As such, despite having no qualms about the substance of the declaration or the Issuer's obligation to pay, the court declined to make the declarations, concluding that any dispute which arose in the context of the Indian insolvency proceedings should be resolved in that proceeding.

Important lessons for corporate trustees and finance parties

The clear recognition of the Trustee's standing to bring a declaratory Part 8 claim is unsurprising, although Marcus Smith J’s postscript comment that the Trustee was the “only” party who could have brought such a claim under the Trust Deed may be limited to the facts of this case and the specific terms of the Trust Deed. Where only a declaration is being sought, rather than the commencement of active enforcement action, the position under other capital markets instruments may be different based on a narrower restriction. The specific drafting is key here.

Furthermore, the court robustly and helpfully confirmed that unilateral action taken by an issuer to de-authorise a service process agent is ineffective at avoiding valid service in England (following a number of similar findings, eg Cargill v Uttam).

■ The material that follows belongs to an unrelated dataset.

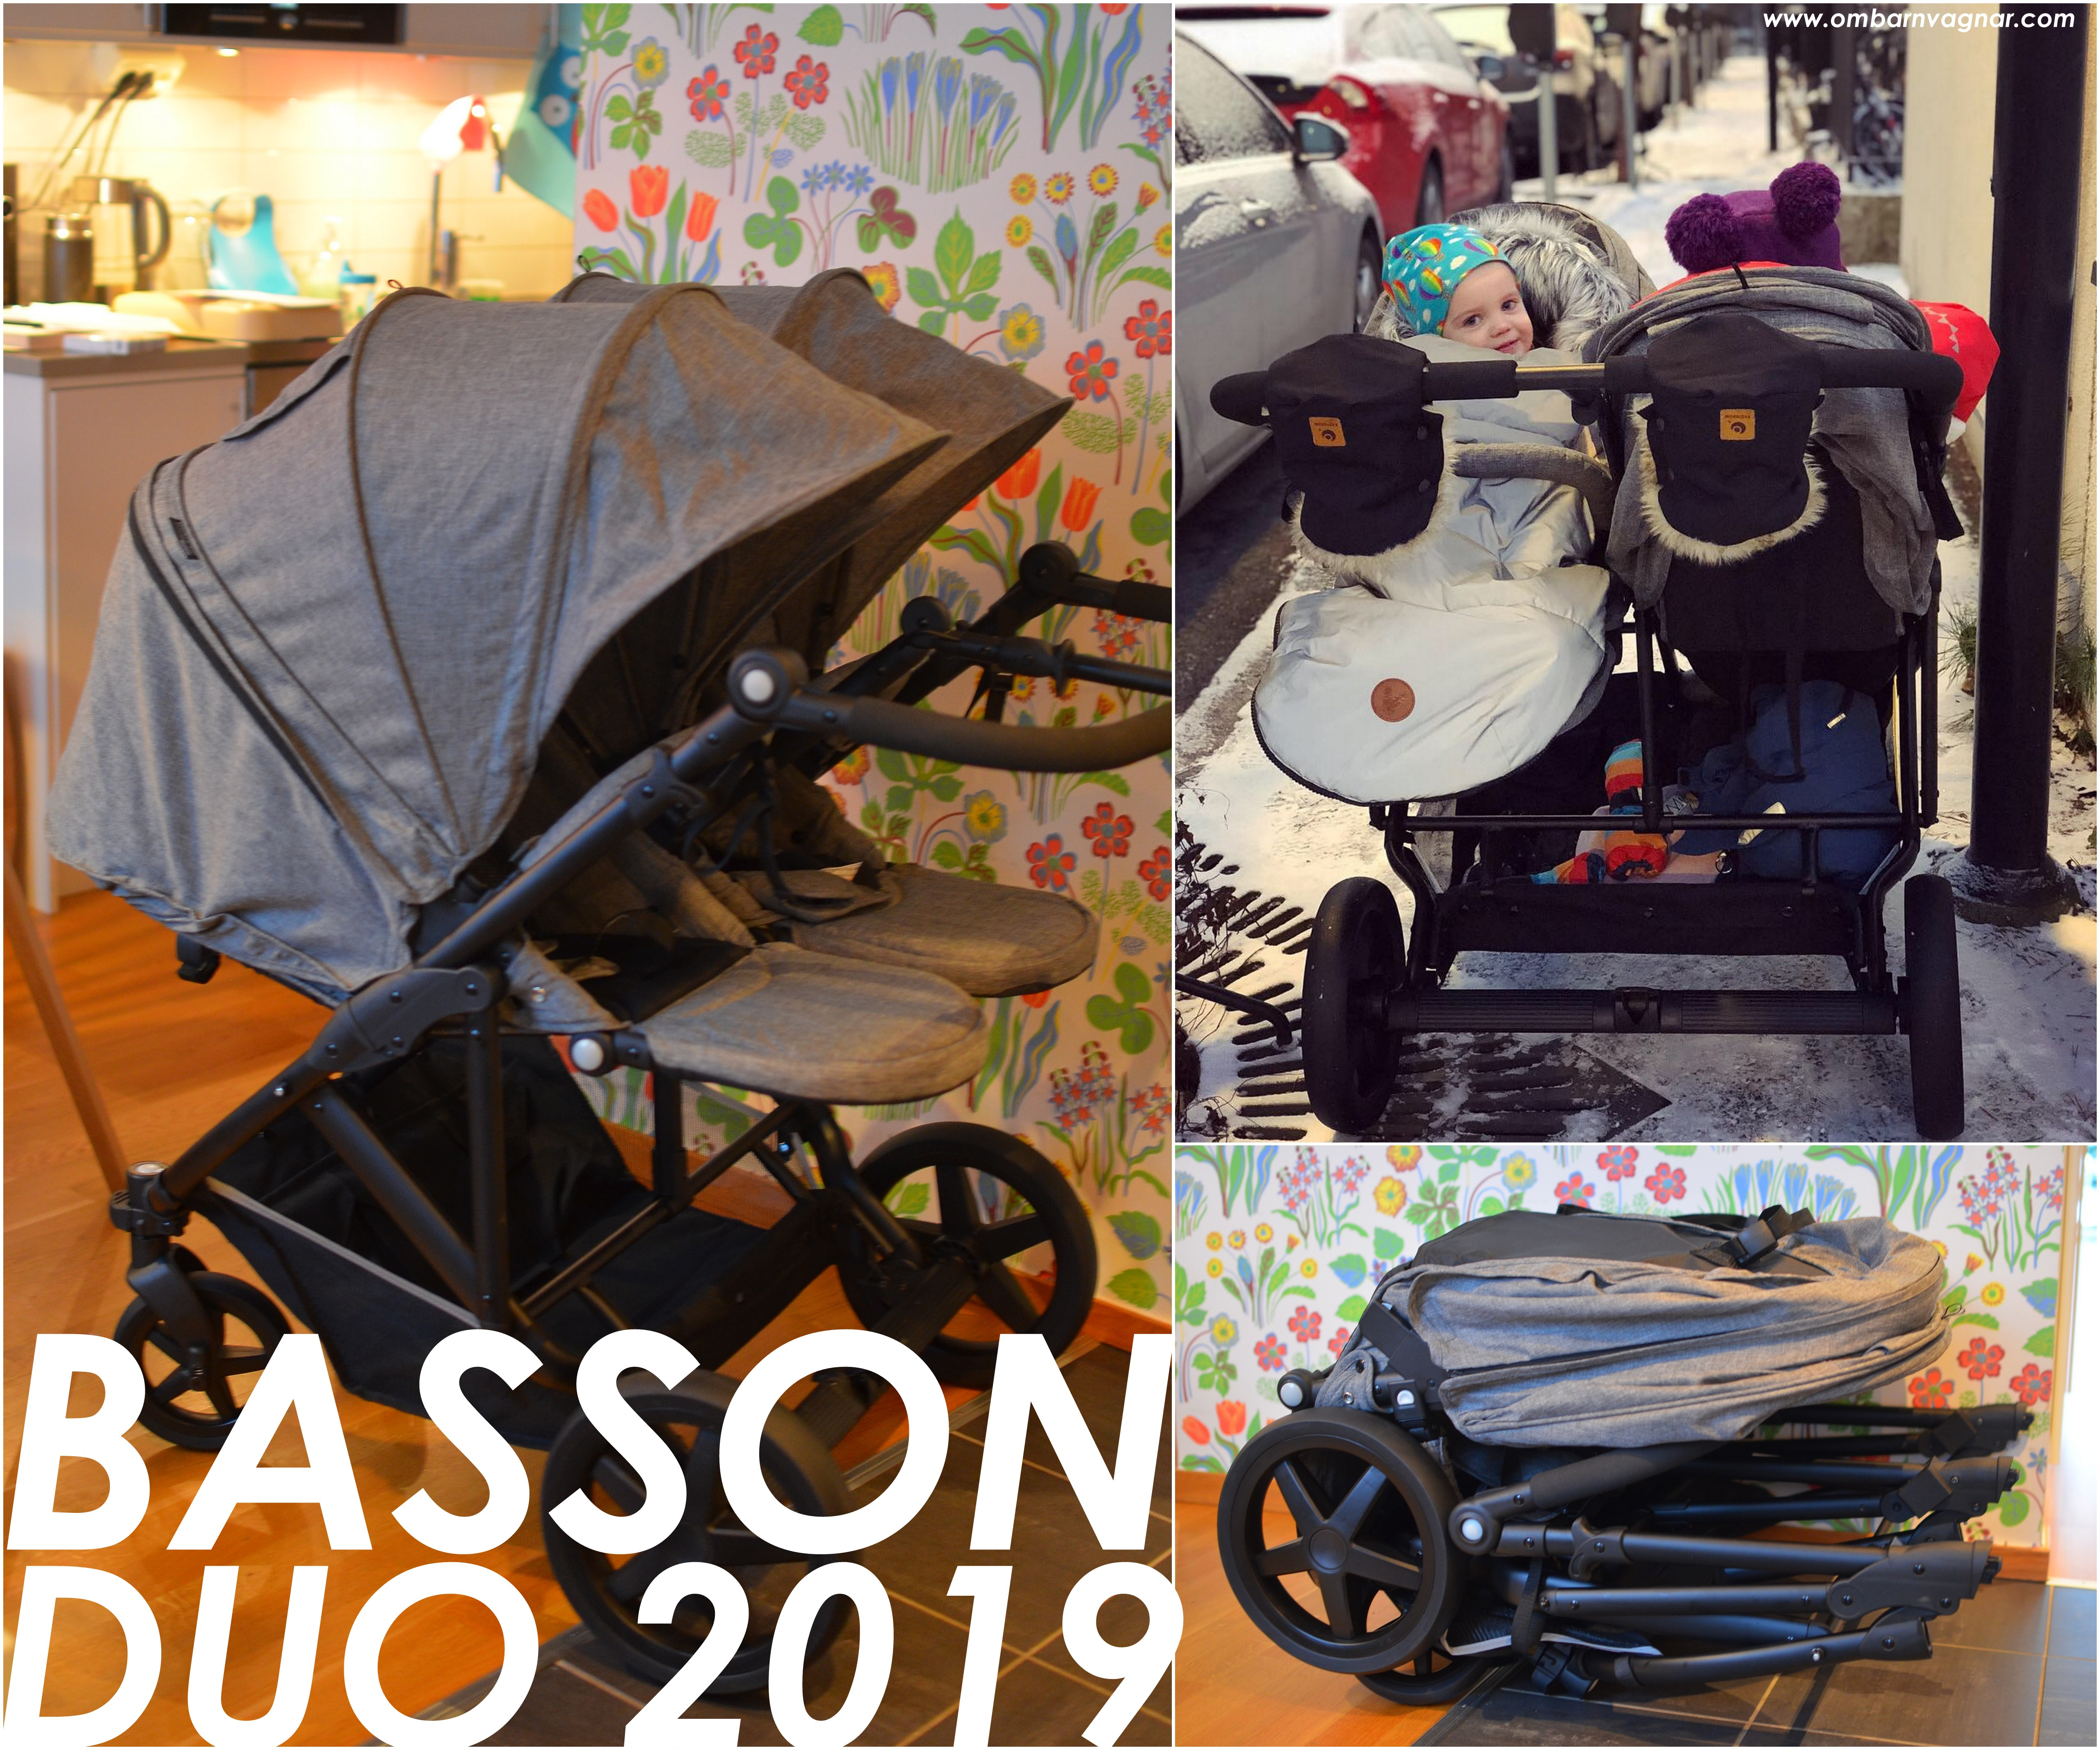 Basson Duo syskonvagn med vändbara sittdelar

If the appointment of a process agent is described as irrevocable in a trust deed, financing document or any other commercial agreement governed by English law, proceedings will be validly served notwithstanding a party's unilateral action to revoke that appointment (although this could lead to difficulties in circumstances where there is a change in circumstances of the process agent, rather than an action of the finance party to attempt to alter the relationship).

However, the “conservative mindset” adopted by the court in refusing to grant the declarations sought is surprising. The decision should not be taken to stand for a broader proposition that the court will not grant declaratory relief to trustees unless the issuer (or its insolvency professional) is present, but rather as a reflection of the facts and evidence before the court in this particular case. Trustees and/or noteholders should, in contentious situations, be able to obtain declarations, even in the absence of an insolvent issuer, as a matter of English law from courts. The court's focus appeared to be more on the broader potential impact of the declarations on Indian proceedings, rather than the more limited question being put as a matter of English law (rather than Indian insolvency law) as to the amounts outstanding and to whom it was owed under English law-governed contracts. In any case, the decision should be considered carefully when shaping declarations to be sought from the courts in similar circumstances and the nature of the evidence to be put before the court as to the utility or impact of such declarations.

DISCLAIMER: Because of the generality of this update, the information provided herein may not be applicable in all situations and should not be acted upon without specific legal advice based on particular situations.